*AIM OF THE TASK:* Skip the pictures. Output only the lines below starting at the line with "ゲームマシン 108IN1" and ending at the line with "ホイッスル大佐個人的な3色L", both ends included, exactly as they are.

*DATA RECORDS:*
* * * * * * * * *

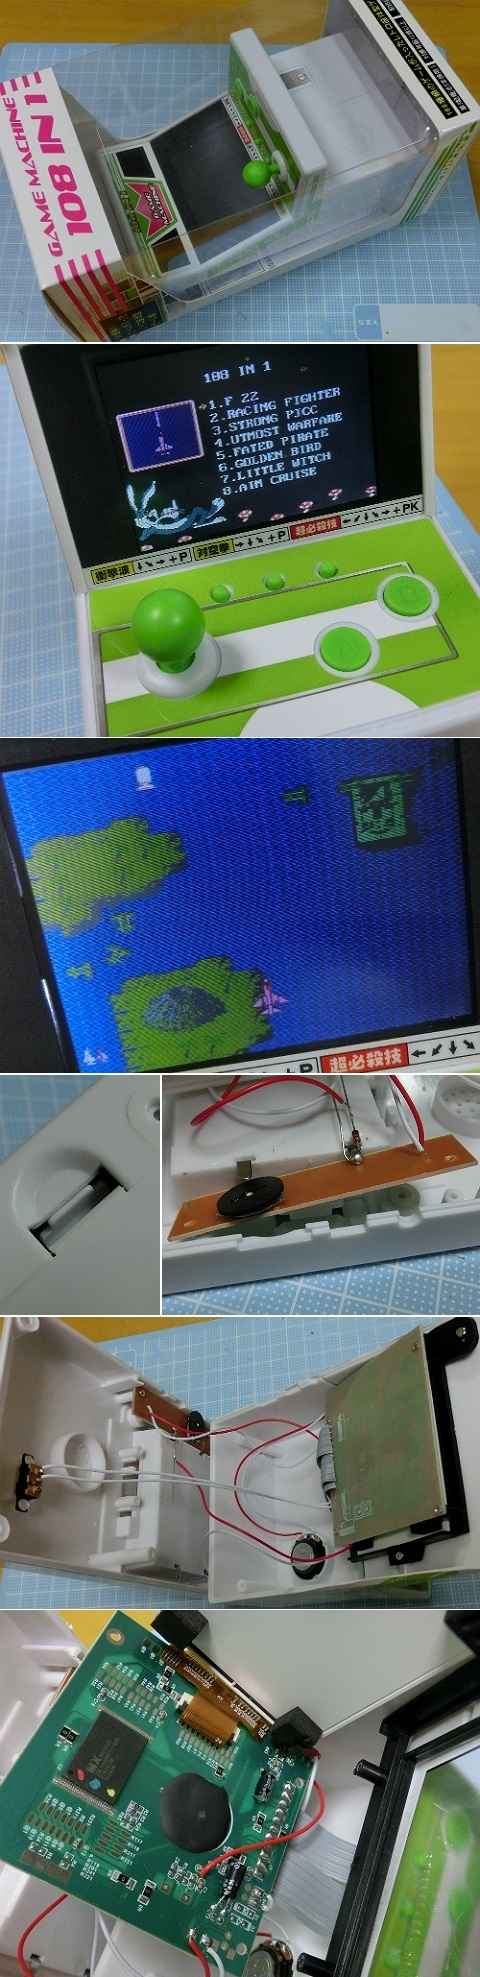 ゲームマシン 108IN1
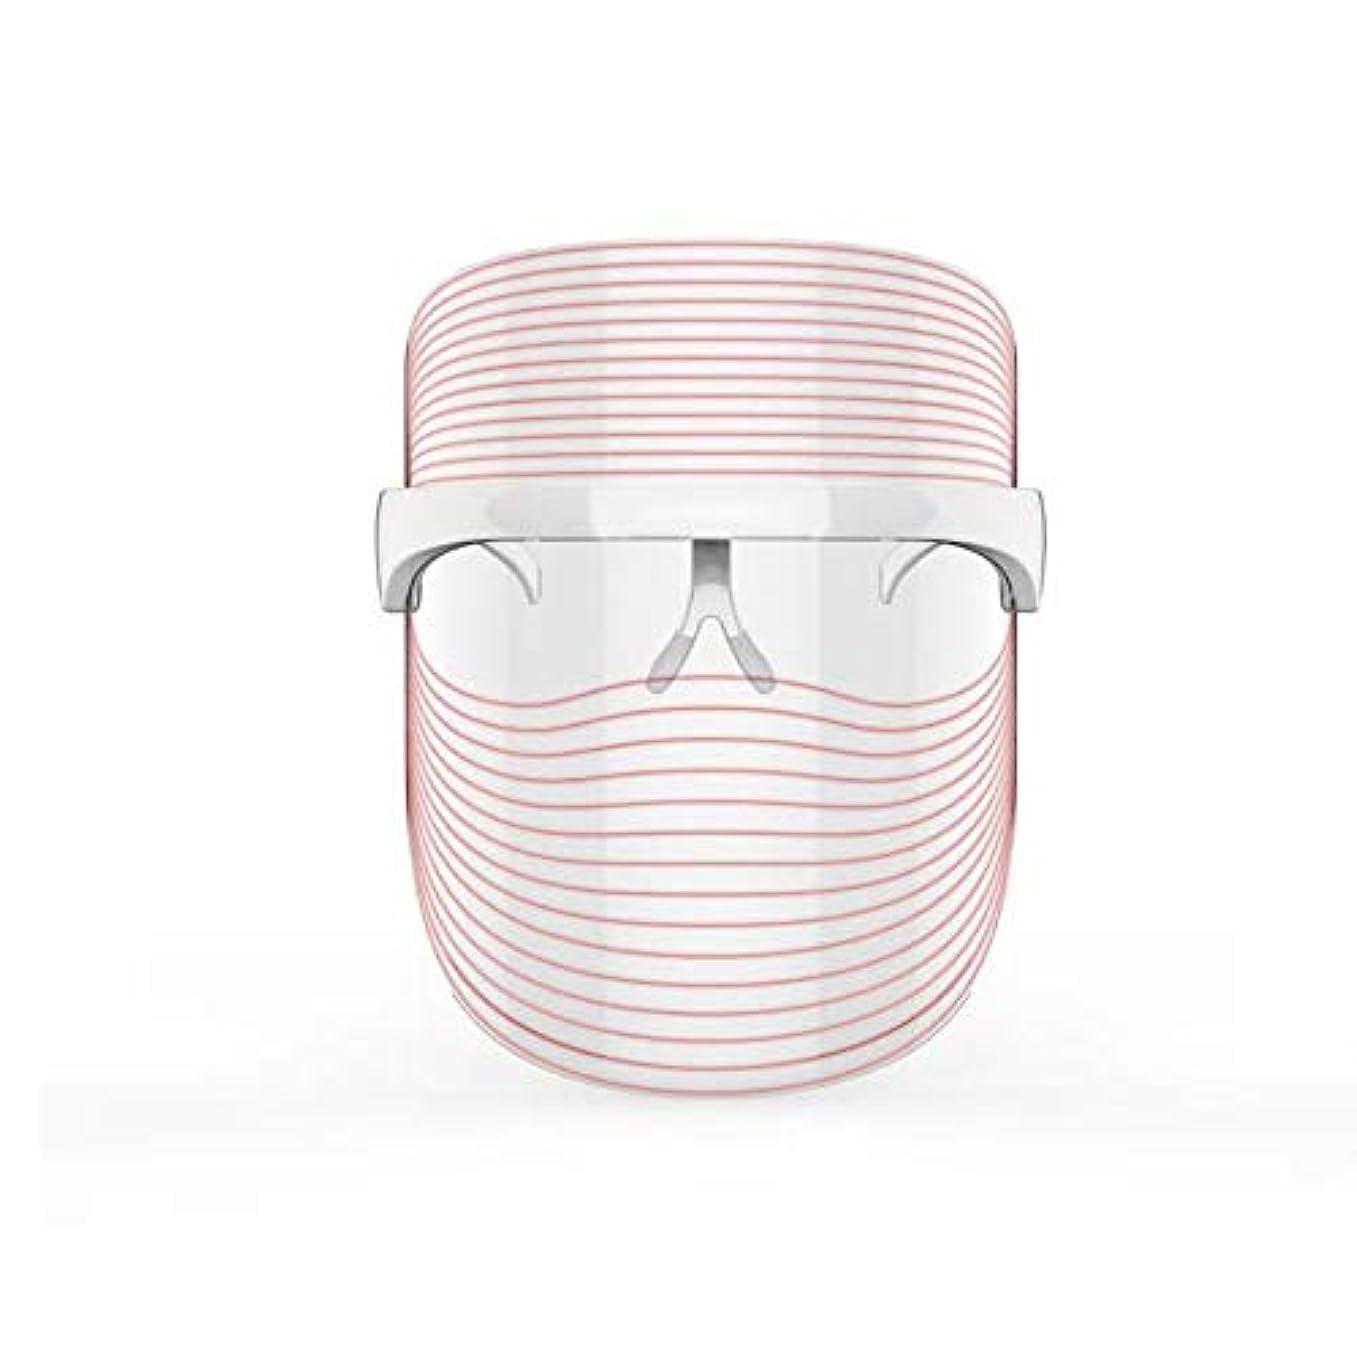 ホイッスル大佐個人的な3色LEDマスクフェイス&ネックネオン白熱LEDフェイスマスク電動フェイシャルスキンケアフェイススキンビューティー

* * * * * * * * *

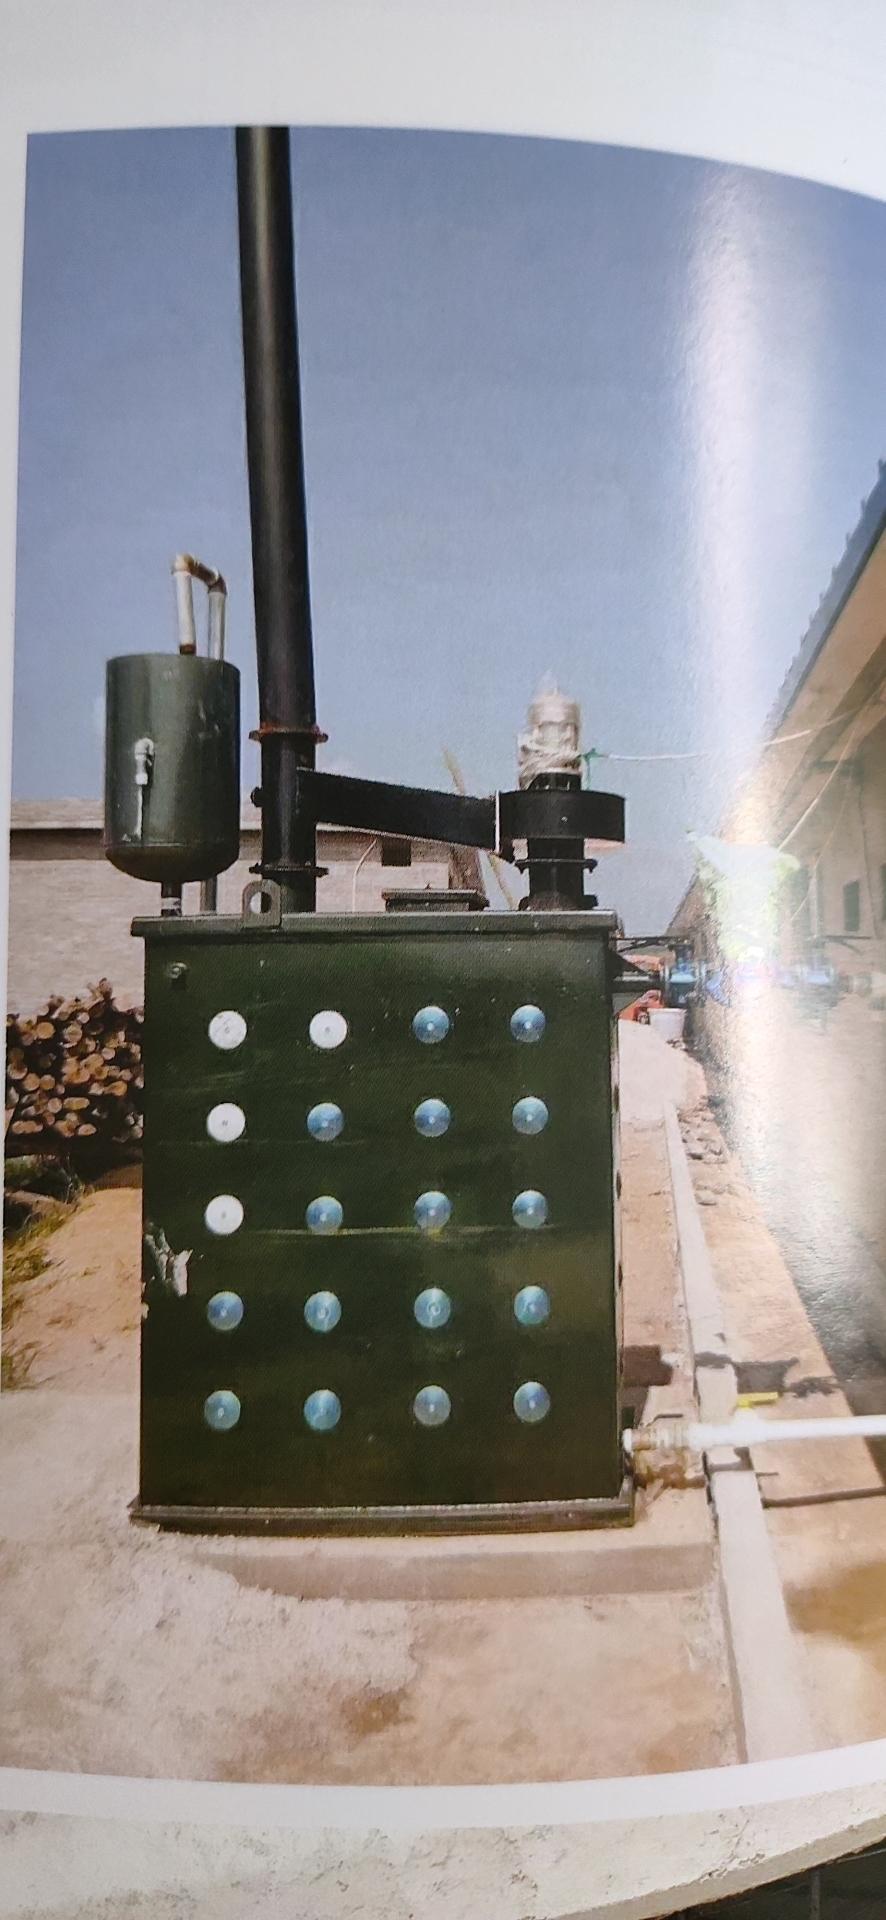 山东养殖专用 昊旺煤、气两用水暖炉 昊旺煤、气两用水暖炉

* * * * * * * * *

*RESULT OF THE EXERCISE:*
 ゲームマシン 108IN1
 ホイッスル大佐個人的な3色LEDマスクフェイス&ネックネオン白熱LEDフェイスマスク電動フェイシャルスキンケアフェイススキンビューティー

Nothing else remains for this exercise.